Form 8947 is already consistent with this interpretation. The form asks manufacturers to indicate the name of the section 45C orphan drug, if applicable, then in the next column asks manufacturers to indicate the “date of FDA approval for non-orphan drug marketing, if applicable.” BIO agrees that it is appropriate to limit reporting of additional indications on Form 8947 to non-orphan indications. We further ask the IRS to confirm in its guidance that FDA approval for an additional indication will result in denial of the orphan drug exemption only if that additional indication is not itself eligible for orphan status.

Our remaining comments below concern the various formulas by which the IRS proposes to calculate each manufacturer’s share of the annual fee. BIO recognizes the difficulty of calculating this number quickly, accurately, and in accordance with the statute’s requirements. We thank the IRS for its efforts to accommodate these competing concerns. Nevertheless, Congress made a deliberate decision to use the methodologies laid out in the statute with the knowledge that its decision would benefit some manufacturers and harm others. We urge the IRS not to allow the current limitations of the agencies tasked with implementing the legislation to create a different set of benefits and detriments that Congress did not intend.

Following the structure of Notice 2011-9, we have organized our remaining comments according to the federal health care program to which they pertain.

A.    The IRS should apply the orphan drug exemption to any drug that could have claimed the Section 45C credit.

We are disappointed that the IRS has proposed in Notice 2011-9 to apply the orphan drug exemption only to drugs for which the manufacturer actually claimed a tax credit under Section 45C. We believe that such an interpretation stands against the intent of the exemption to promote the development of orphan drugs and that the IRS should instead exempt any drug for which a manufacturer could have claimed a 45C credit.

The IRS did not lay out the reasoning for its interpretation in Notice 2011-9 and we are unable to discern any basis for it. The proposed interpretation is not mandated by the language of the statute, which states only that the exemption applies to any drug or biological for which the 45C credit was “allowed.” The statute’s legislative history is, if anything, more permissive
than the statute in that it adds that the exemption applies to any drug or biological that “qualified under section 45C.”

The proposed interpretation would also be contrary to the purpose of the exemption.

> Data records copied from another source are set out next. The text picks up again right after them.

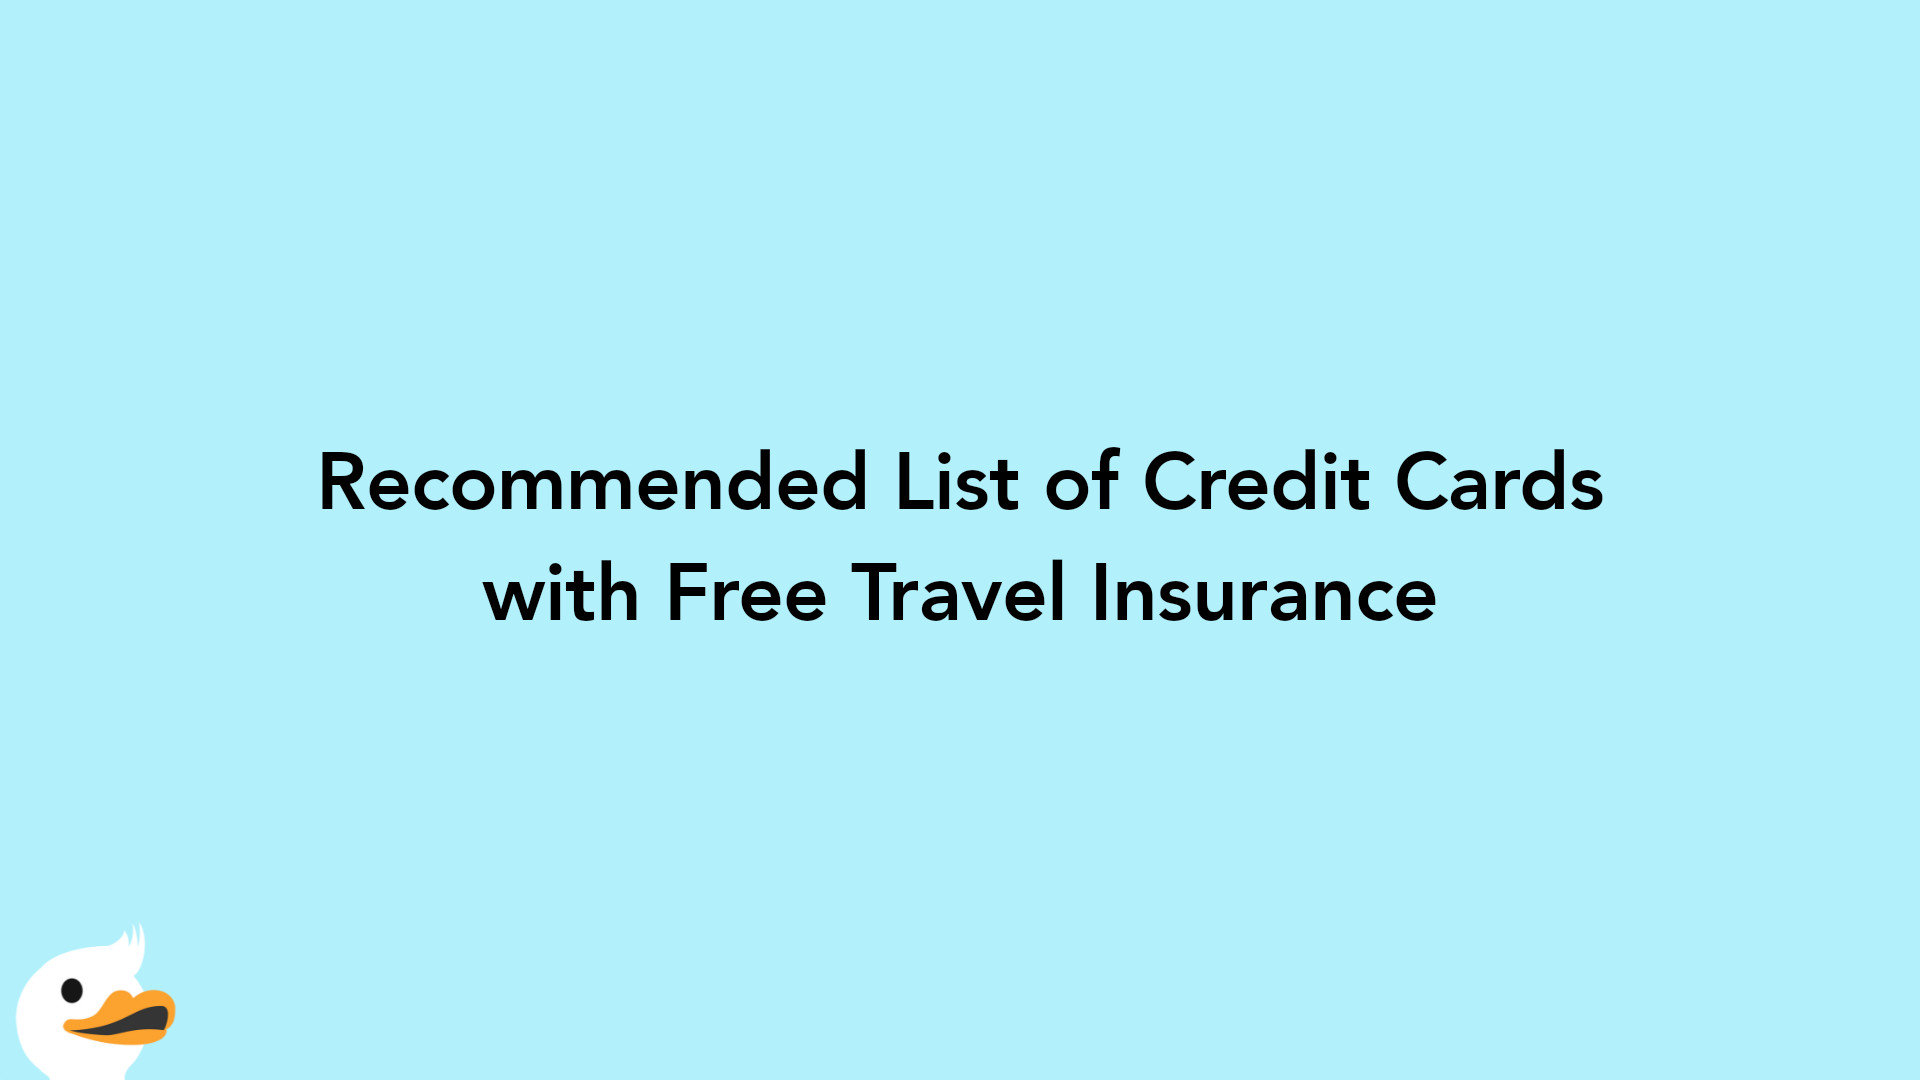 Recommended List of Credit Cards with Free Travel Insurance
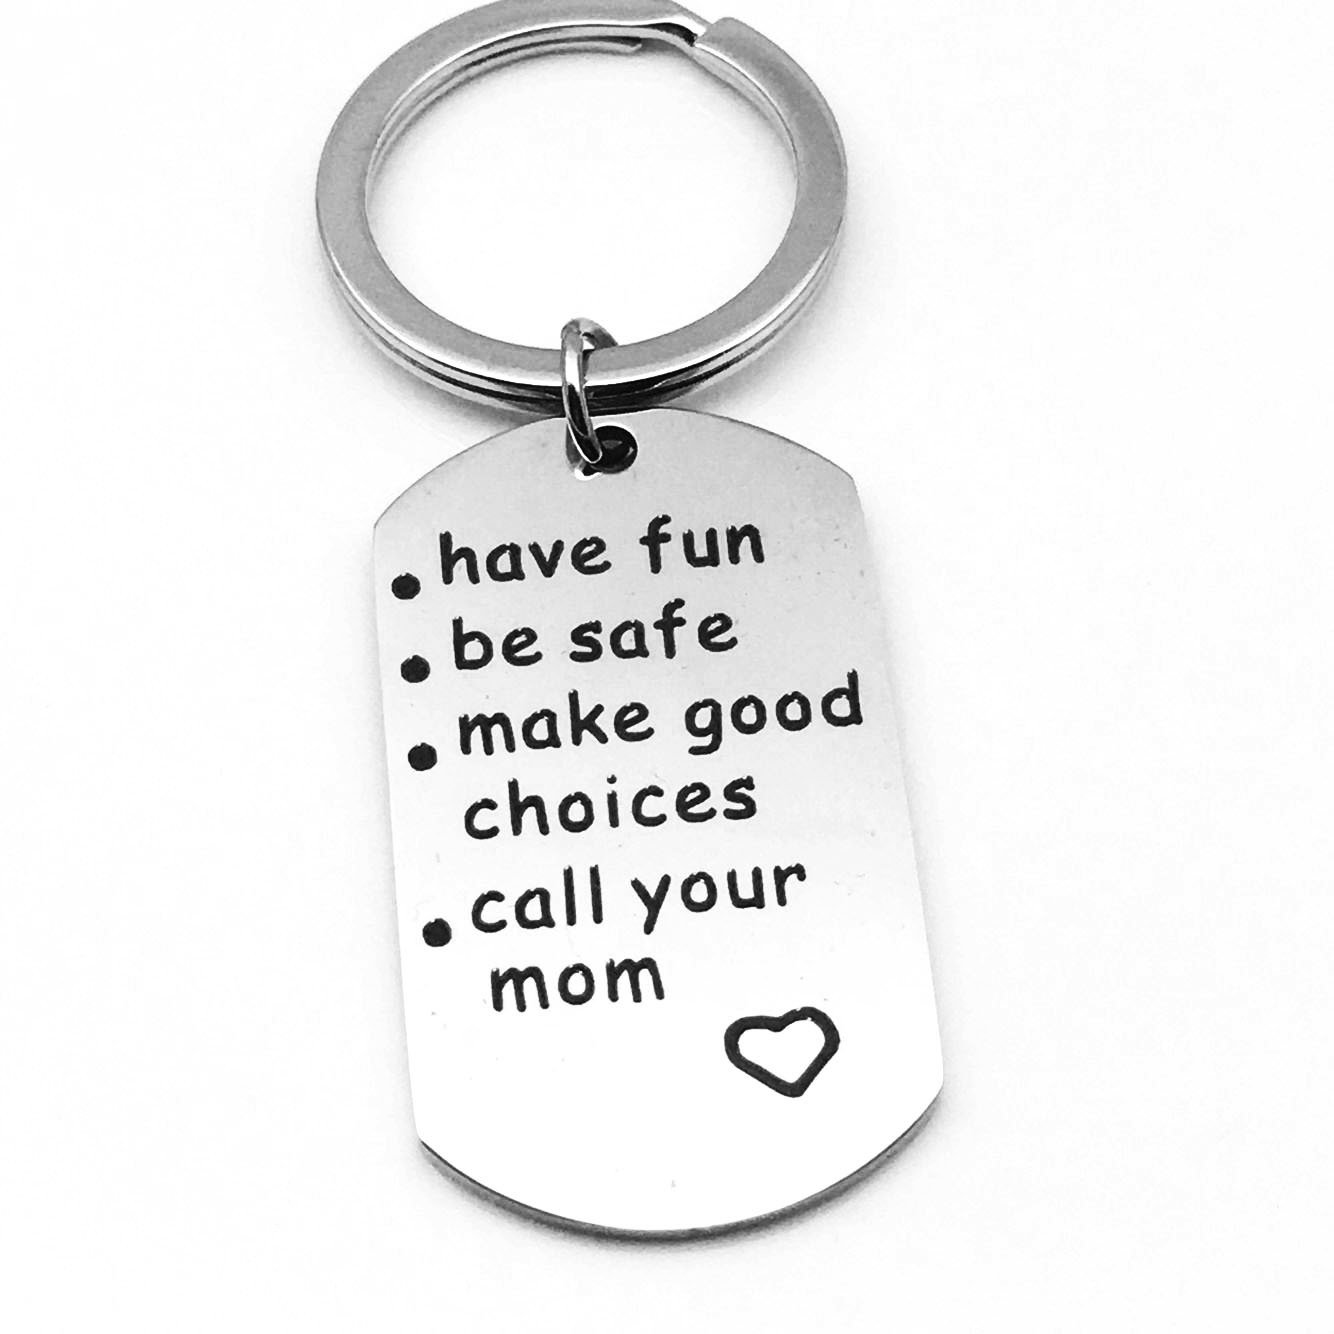 Last Day 75% OFF - 🔥Have Fun, Be Safe, Make Good Choices and Call Your Grandma/Grandpa Keychain
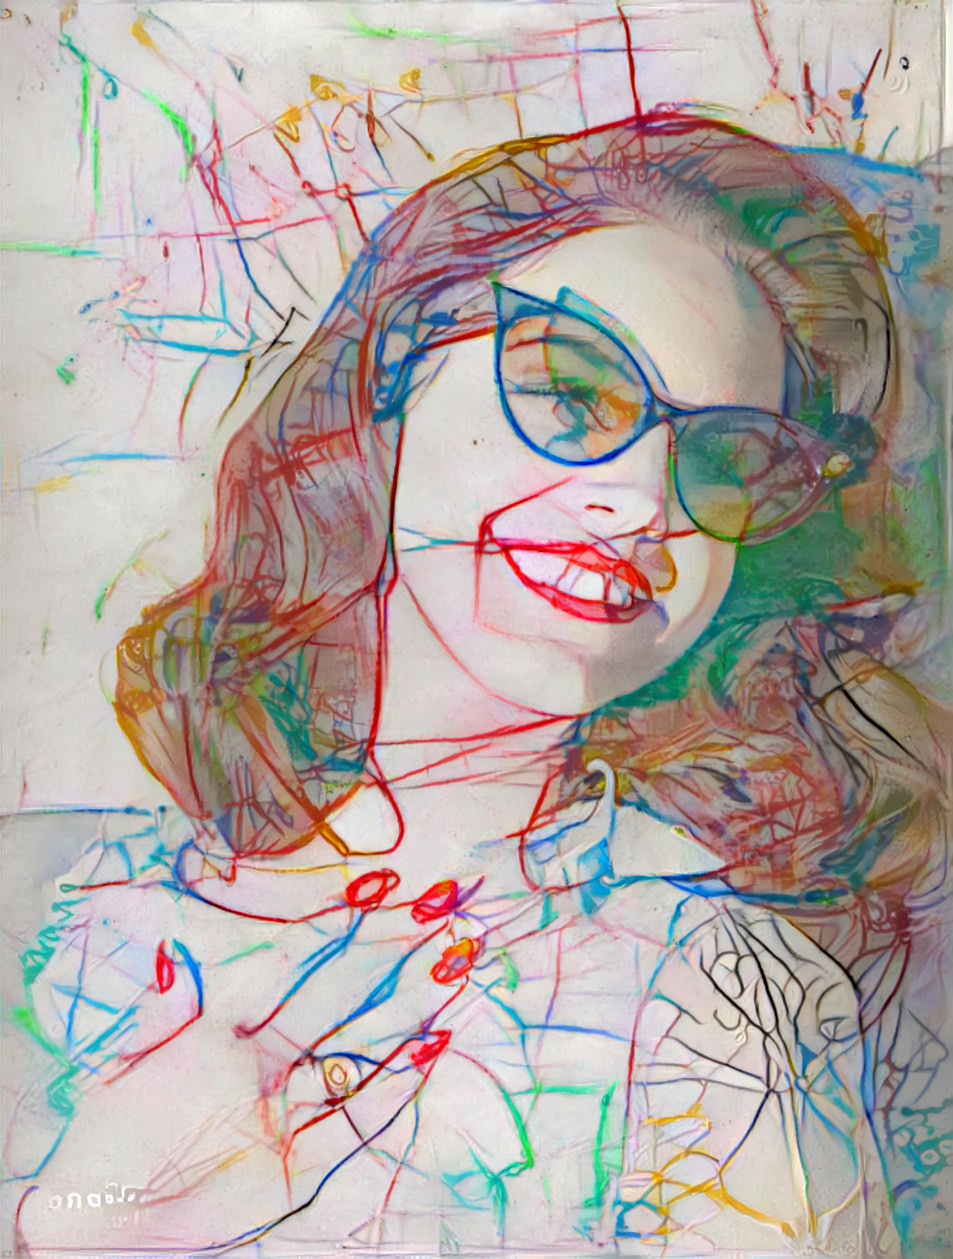 model in sunglasses touching collar, color crayons
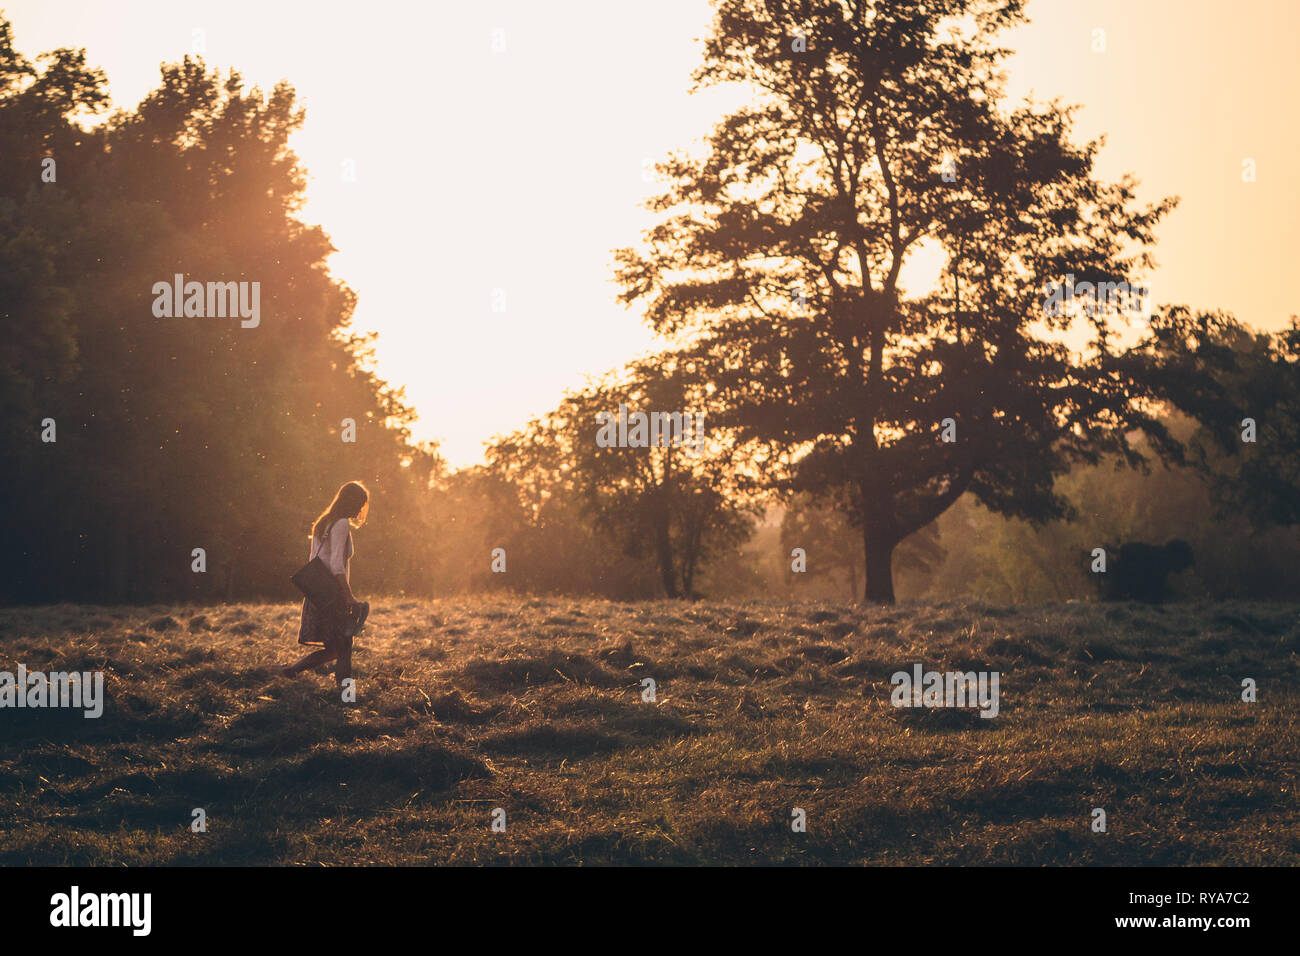 Single woman with long hair walking alone on a field of gras in front of a tree during sunset. Her face is not visible. Stock Photo
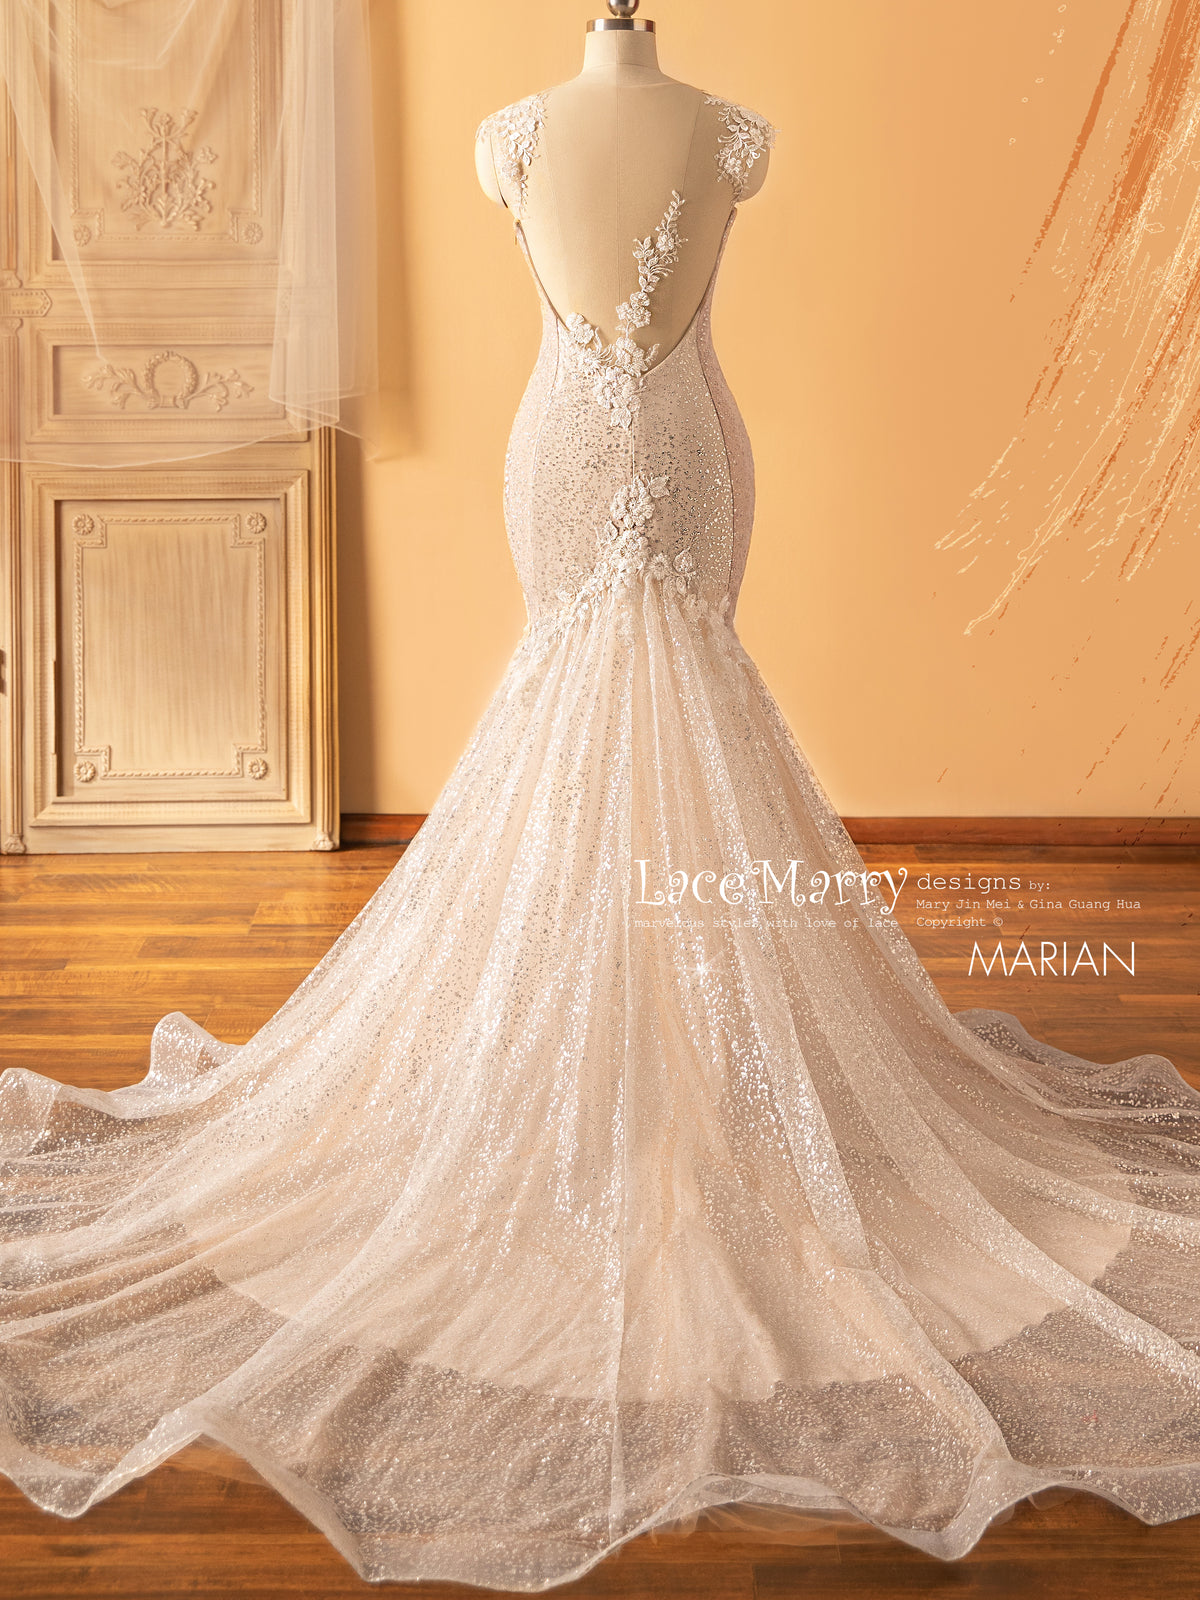 MARIAN / Fabulous Wedding Dress with All Around Sparkling

Congress recognized that not all manufacturers would want to claim the Section 45C credit each year when it expressly made that credit elective.8 In fact, there are many reasons that a taxpayer might elect not to claim a tax credit for which it is eligible, such as where there is no tax for the credit to offset in a given year. The IRS has not explained why Congress would have allowed a manufacturer the option of taking the credit in Section 45C only to mandate that it take the credit in order to benefit from a similar exemption in Section 9008. We believe that was not Congress’s intent and ask the IRS to carry out the purpose of the exemption by applying it to all drugs for which a 45C credit could have been claimed.

V. Medicare Part D

BIO believes that the IRS must do more to explain how it will take account of all discounts, rebates, and other price concessions that the statute requires to be incorporated into the Medicare Part D net cost figure. Section 9008 instructs the Secretary of Health and Human Services to report to the Secretary of the Treasury, for each branded prescription drug covered by Medicare Part D, the product of per-unit ingredient cost, “minus any per-unit rebate, discount, or other price concession provided by the covered entity,” and the number of units paid for under Medicare Part D.9 The IRS confirmed in Notice 2011-9 that CMS is required to report per-unit ingredient cost “net of any per-unit rebate or other price concessions.”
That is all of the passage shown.